The thyroid is a small gland that has big impact on the body. Not the least of which is on the digestive system. Study after study, as well as everyday human experiences, show a strong relationship between the gut and the thyroid gland. Both hypothyroidism and hyperthyroidism play their negative roles in the workings of digestion.
To begin, let’s talk about the thyroid’s function. As you probably know, the thyroid is a small gland in the throat that produces hormones. Its main job is to regulate the body’s metabolism. Remarkably, the hormones affect every system of the body. The digestive system does not live under the radar when it comes to their grasp.
In the case of hypothyroidism, the thyroid produces too little hormones than are necessary. About one in twenty Americans aged twelve and up has this form of thyroid ailment.

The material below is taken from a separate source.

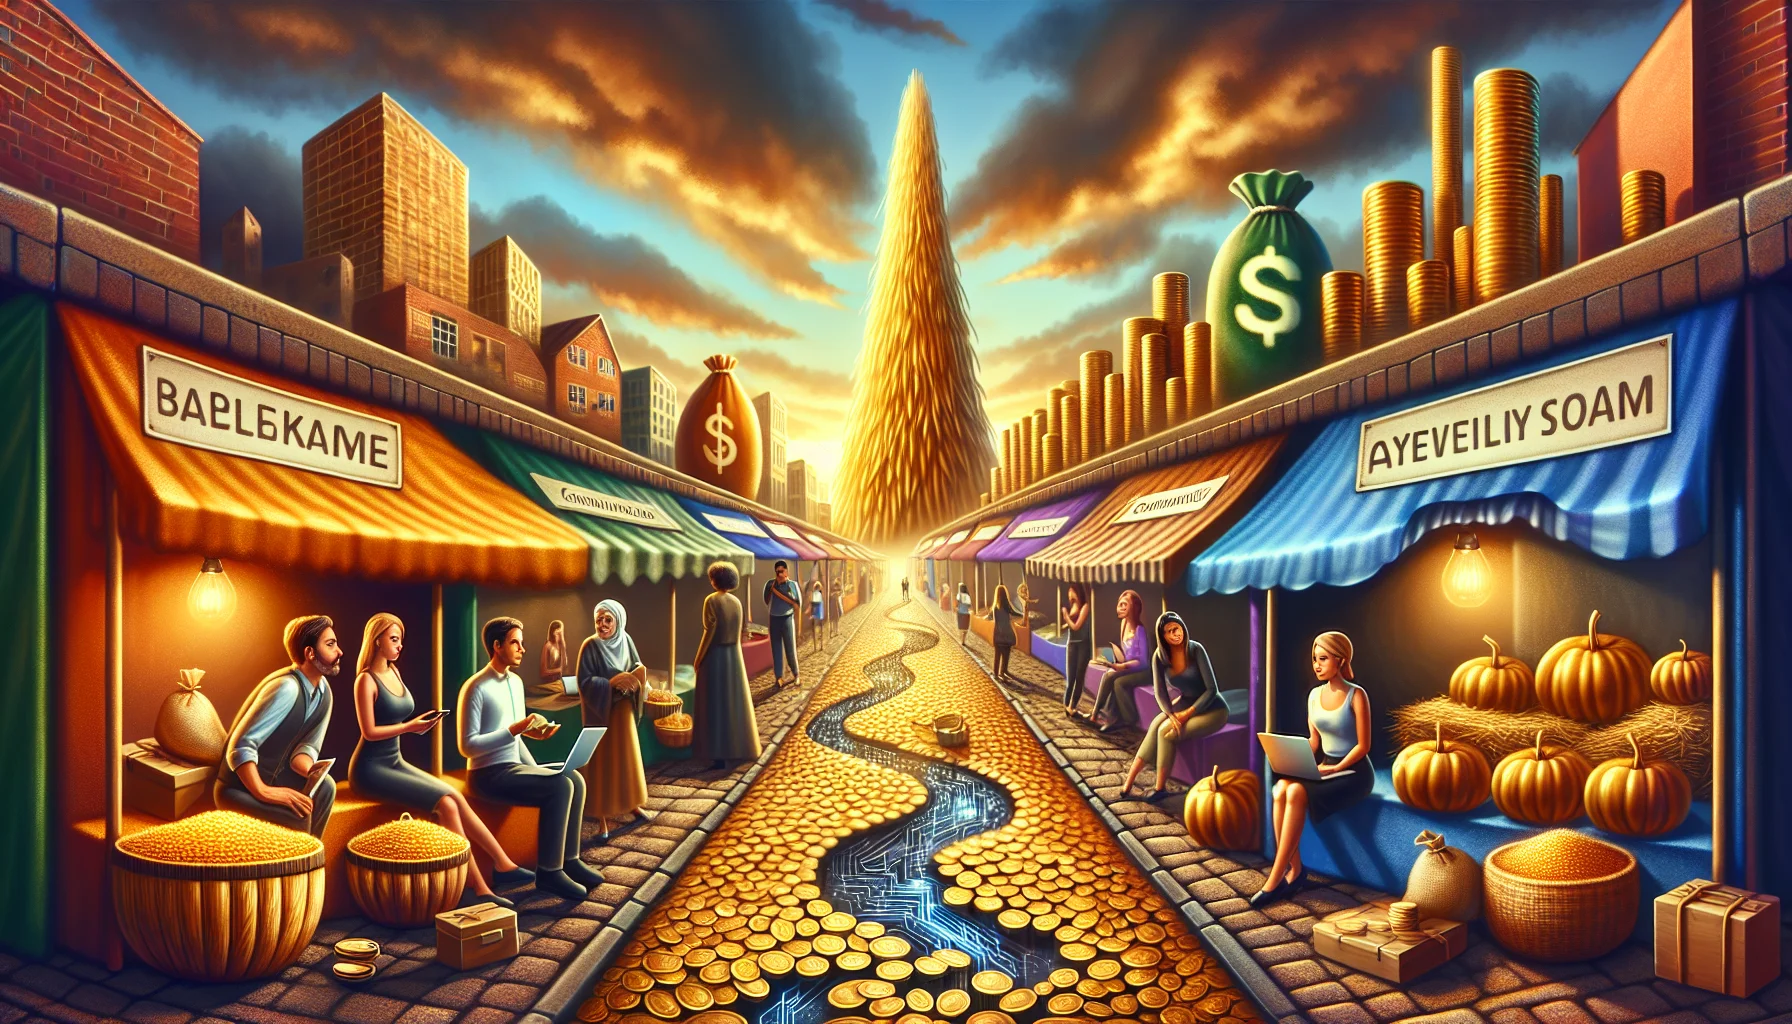 Imagine a whimsical street market at sunset with stalls, each representing an abstract notion of a top affiliate network. Each stall is uniquely decorated - one looks like a golden haystack indicating steady income, another resembles a towering beanstalk suggesting high growth potential, while another depicts a river of digital coins flowing from a laptop screen. Here, diverse people from all walks of life - a Middle-Eastern female entrepreneur, a Caucasian male retiree, a South Asian teenager, a Black working mom - all engaged and intrigued by the opportunity these stalls represent. Their eyes gleam with both humor and ambition under the golden twilight.

On the other end of the spectrum, hyperthyroidism occurs when the thyroid produces too many hormones. One in one hundred Americans has this. Both can disturb the digestive environment in various ways.
According to the National Library of Medicine there is correlation between gluten intolerance (celiac disease) and a malfunctioning thyroid. Sufferers of either ailment have a chance of also having the other. Celiac.org says that 26% of those who suffer from celiac disease also suffer from a thyroid autoimmune disorder. As with other autoimmune diseases, often, one of the autoimmune diseases triggers the other one.
The performance of the thyroid effects the production and performance of stomach acid in surprising ways. Improper food digestion is a result of low levels of stomach acid, another problem caused by misbehaving thyroids. Particularly, hypothyroidism can reduce the amount of acid the stomach produces, causing a chain reaction throughout the digestive system. When foods are not fully digested when they pass into the intestines, they create blockages. This produces bacteria overgrowth, irregular bowel movements, and in many cases, pain.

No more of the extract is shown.